Will you bring up an EXCELLENT point on the CGC. Just another reason my dogs are like the owner...have attitudes and are anti-social!


----------



## Nancy Jocoy (Apr 19, 2006)

I used to hate it when I my first job after college was at a veterinary school who bought research animals from a "shelter" in another city.

They always bought them from far away to keep a "local pet dog" from showing up and having bad press because of it.

I complained once when a very nice dog with a tatoo (which I found when doing blood gases - femoral stick) showed up. I objected saying this was somebody's pet and they said they paid for it, it was theirs.

That and other things precipitated my resignation after a year. I was getting desensitzed to the things the research dogs had to endure. I am no animal rights activist but ...................


----------



## Connie Sutherland (Mar 27, 2006)

Will Kline said:


> Also, I have seen more than a few dogs leashed up outside a local store when the owner is shopping or going to the bathroom at a fresco style restaraunt. All opportunities to lose your pup!


More than a few ..... I have seen this a couple dozen times.
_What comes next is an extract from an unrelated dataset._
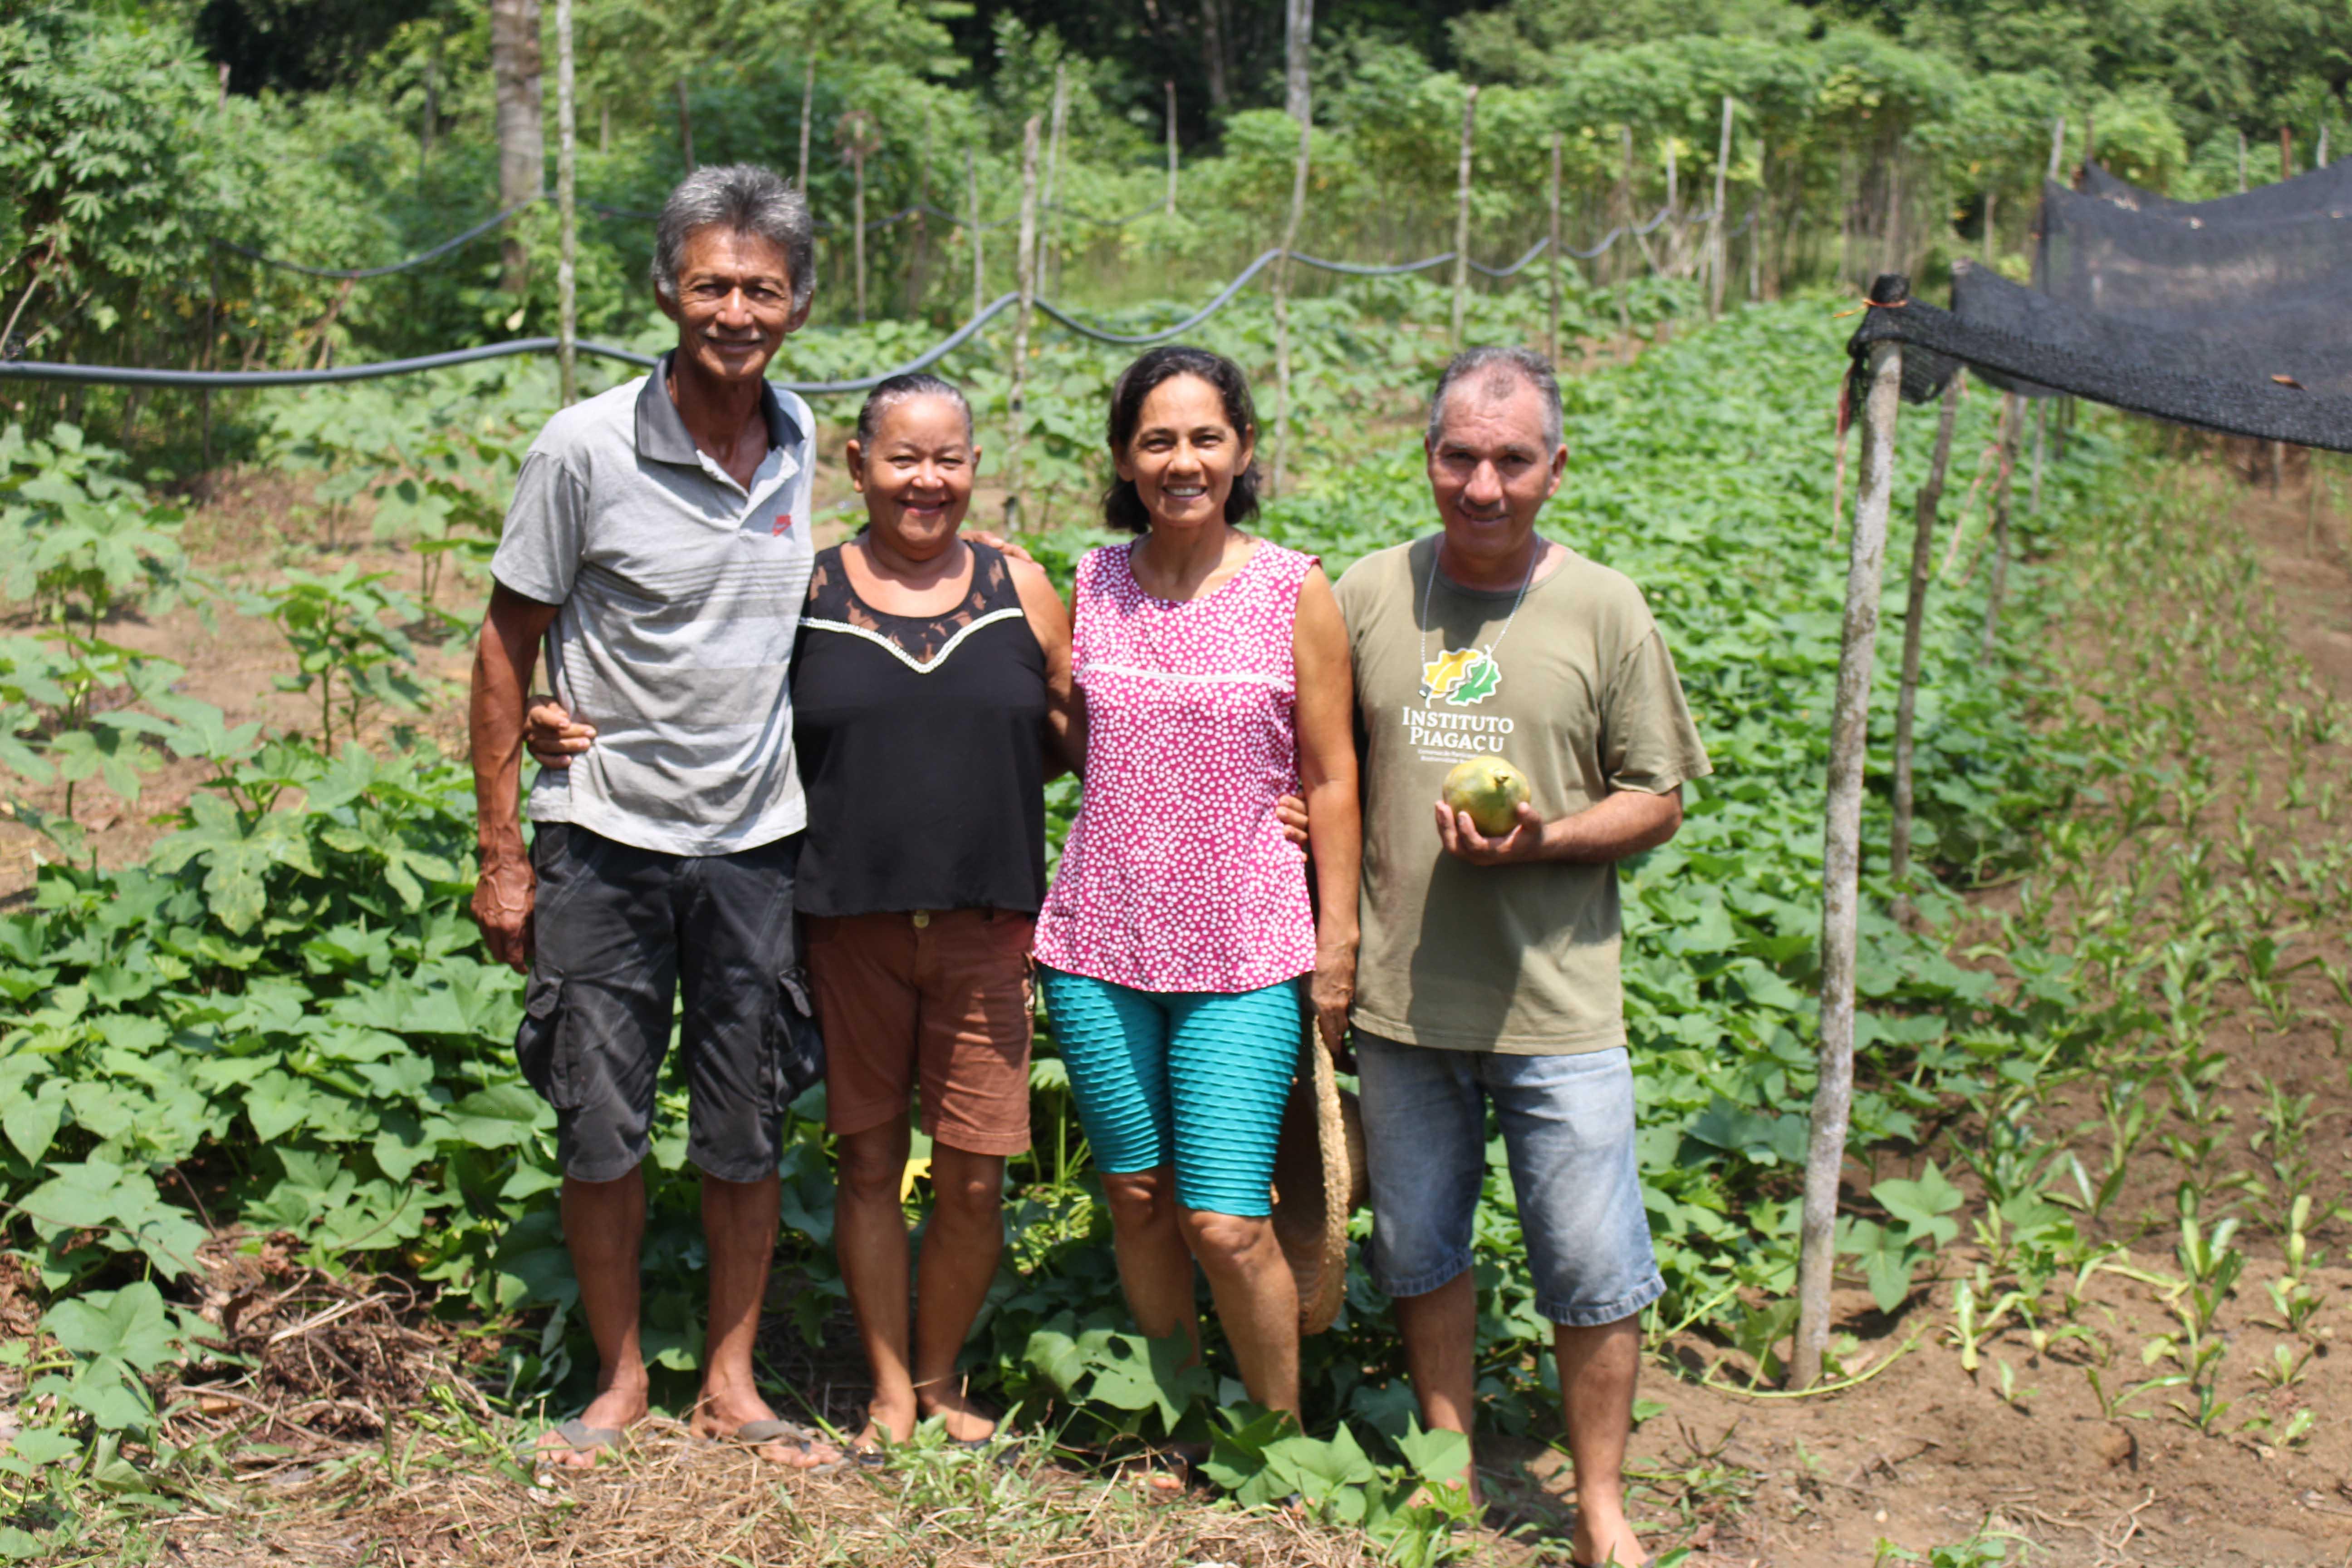 Apoi Iranduba agricultura sustentável BrazilFoundation manaus amazonas amazônia

It's head-shakingly moronic.


----------



## Kadi Thingvall (Jan 22, 2007)

Even with adult/trained dogs, how many have purchased a dog, and it arrives in a kennel at the airport. You are a complete stranger, but you manage to get that dog out of the crate and leashed up eventually. Some are easier then others to do, but I've never gotten one that I couldn't do it with. A few liked to get aggressive while in the crate, but if I just opened the door, stepped out of the way, and slipped a kennel lead over their head as they came out they were fine once out of the crate. Course standing there with food in my other hand didn't hurt.

Take those techniques, apply them to a dog who is in a crate in someone's vehicle, or tied up somewhere, and it's the same thing. The biggest issue isn't the dog, it's wether an owner will show up while you are in the process of taking the dog.

If you think about it, we even do things that make stealing the dog easier. How many times have you told your dog to shut up because you are at training and they are going off on every person that walks by your vehicle? I've seen people go as far as having the person stop to "make nice" so their dog won't be so guardy in the crate. It's a pain having a dog who spends all it's energy loading on people who are walking past, then when you finally get them out to work or trial, they are already tired. But that same training makes it easier for someone to walk up to your vehicle, open a crate, and take the dog.


----------



## Dan Long (Jan 10, 2008)

CGC doesn't require anyone else to walk your dog. It also doesn't require anyone to touch your dog without you right there, giving the person permission to do so. The only time you leave your dog alone is for a 3 minute separation test. That doesn't mean the evaluator is walking or even touching your dog. I put mine in a down and came back 3 minutes later and he was right where I left him. Because he was calm around a stranger doesn't mean anyone off the street is going to approach him and walk him away. 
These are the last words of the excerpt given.